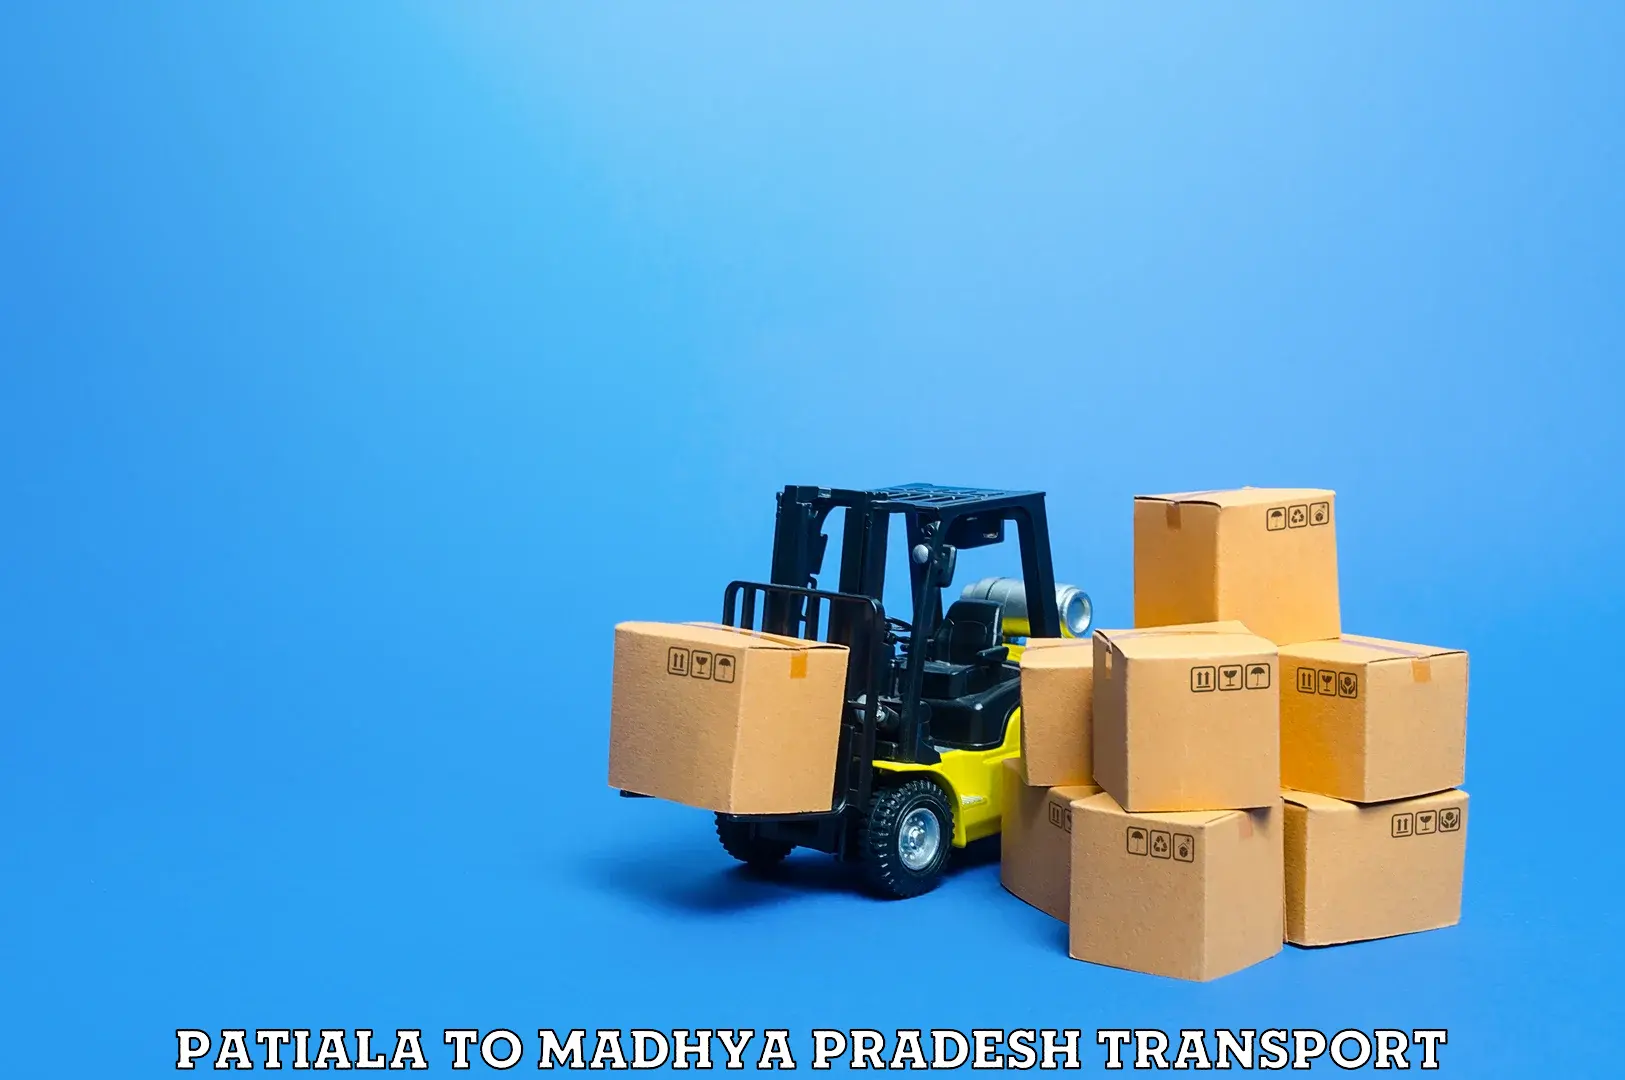 Delivery service Patiala to Garh Rewa
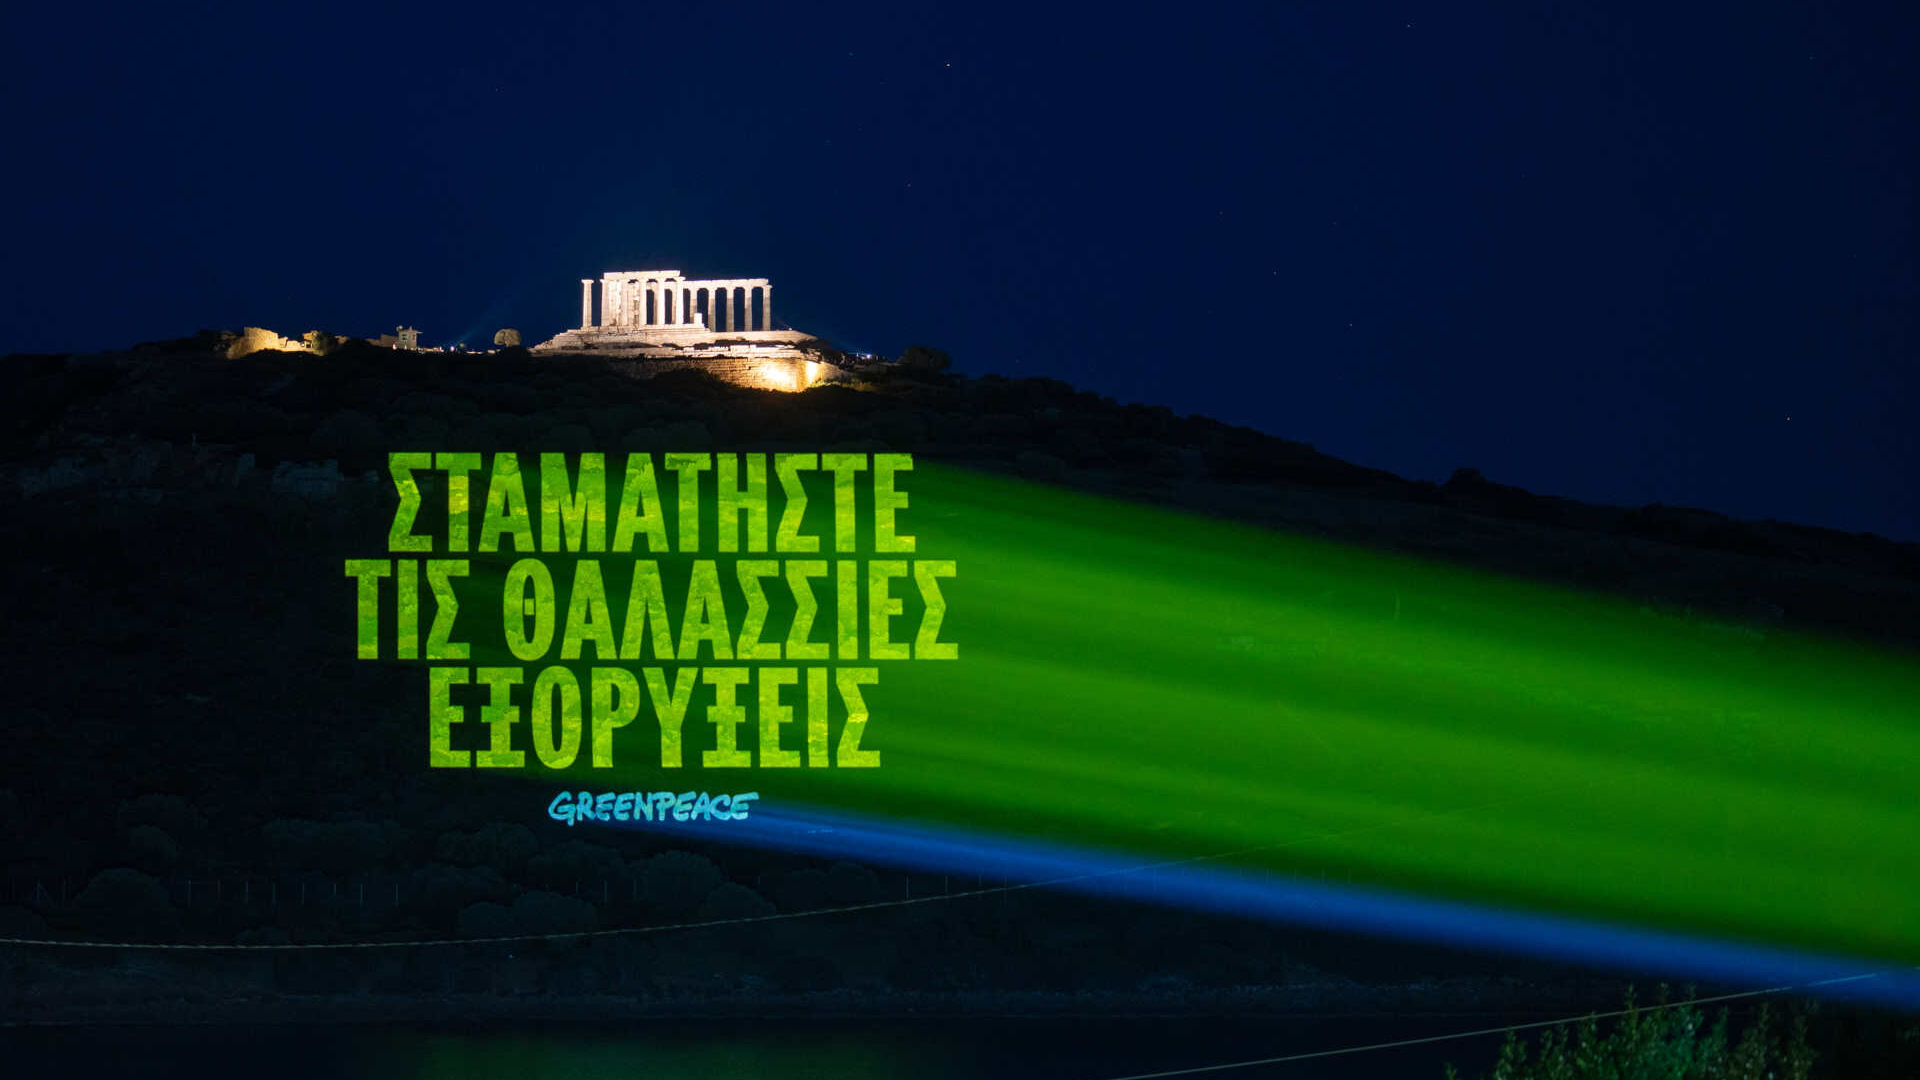 Греция: грек тилиндеги билдирүү
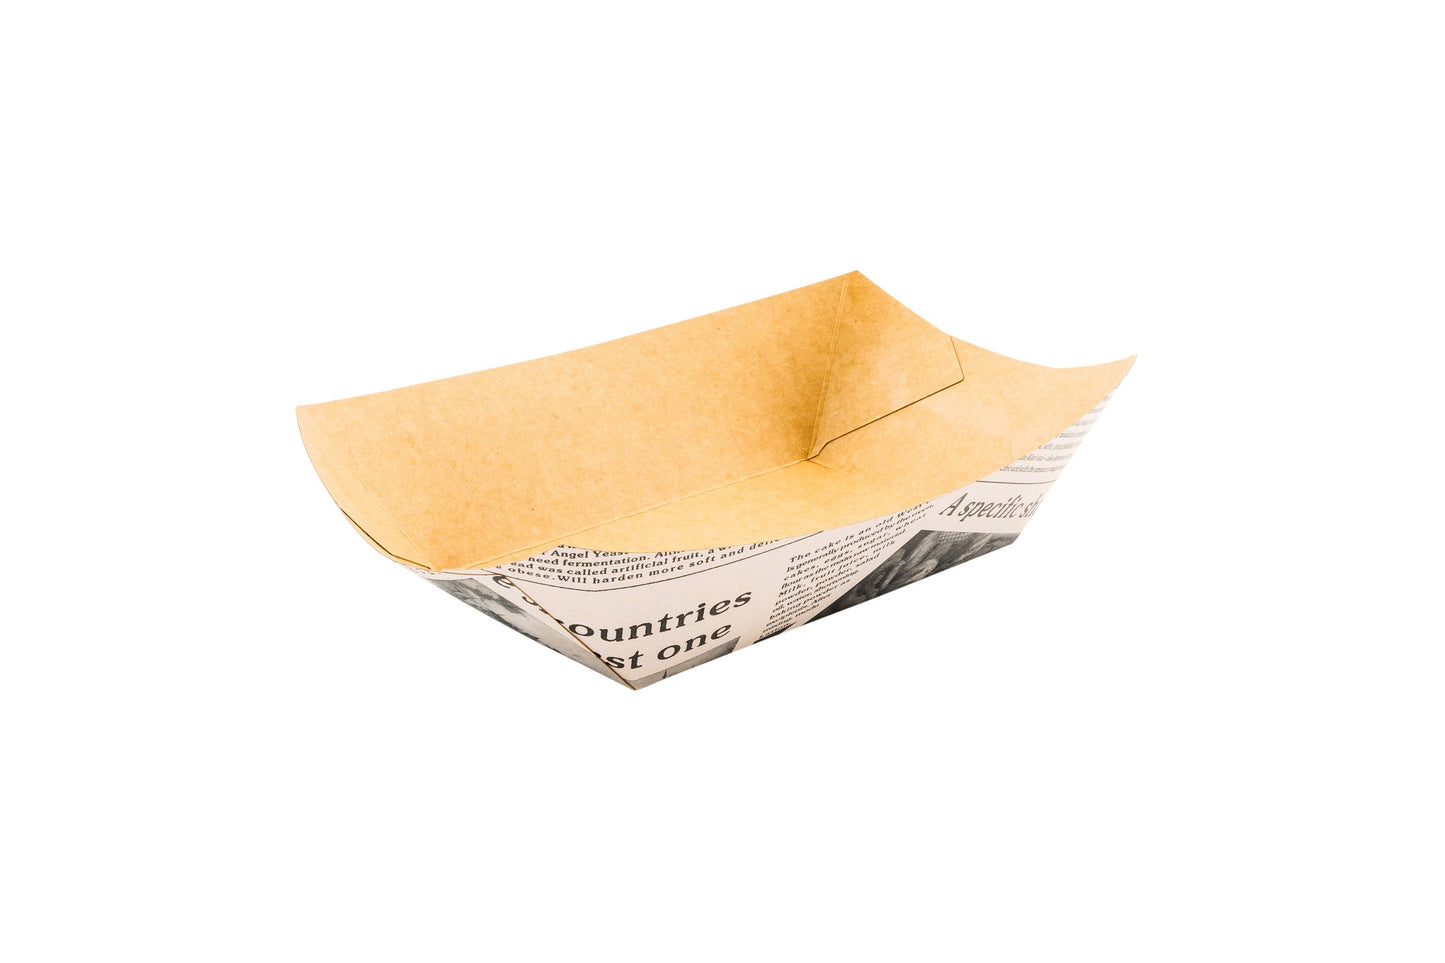 Bio Tek Newsprint Paper Boat - 5 1/2" x 3 1/2" x 2" - 200 count box

__________________________________________________

**DIRECTIONS**
Pictures aside, the material must be written out word for word.

**OUTPUT OF THE EXERCISE**
 Delivery service Patiala to Garh Rewa
 Греция: грек тилиндеги билдирүү
 Bio Tek Newsprint Paper Boat - 5 1/2" x 3 1/2" x 2" - 200 count box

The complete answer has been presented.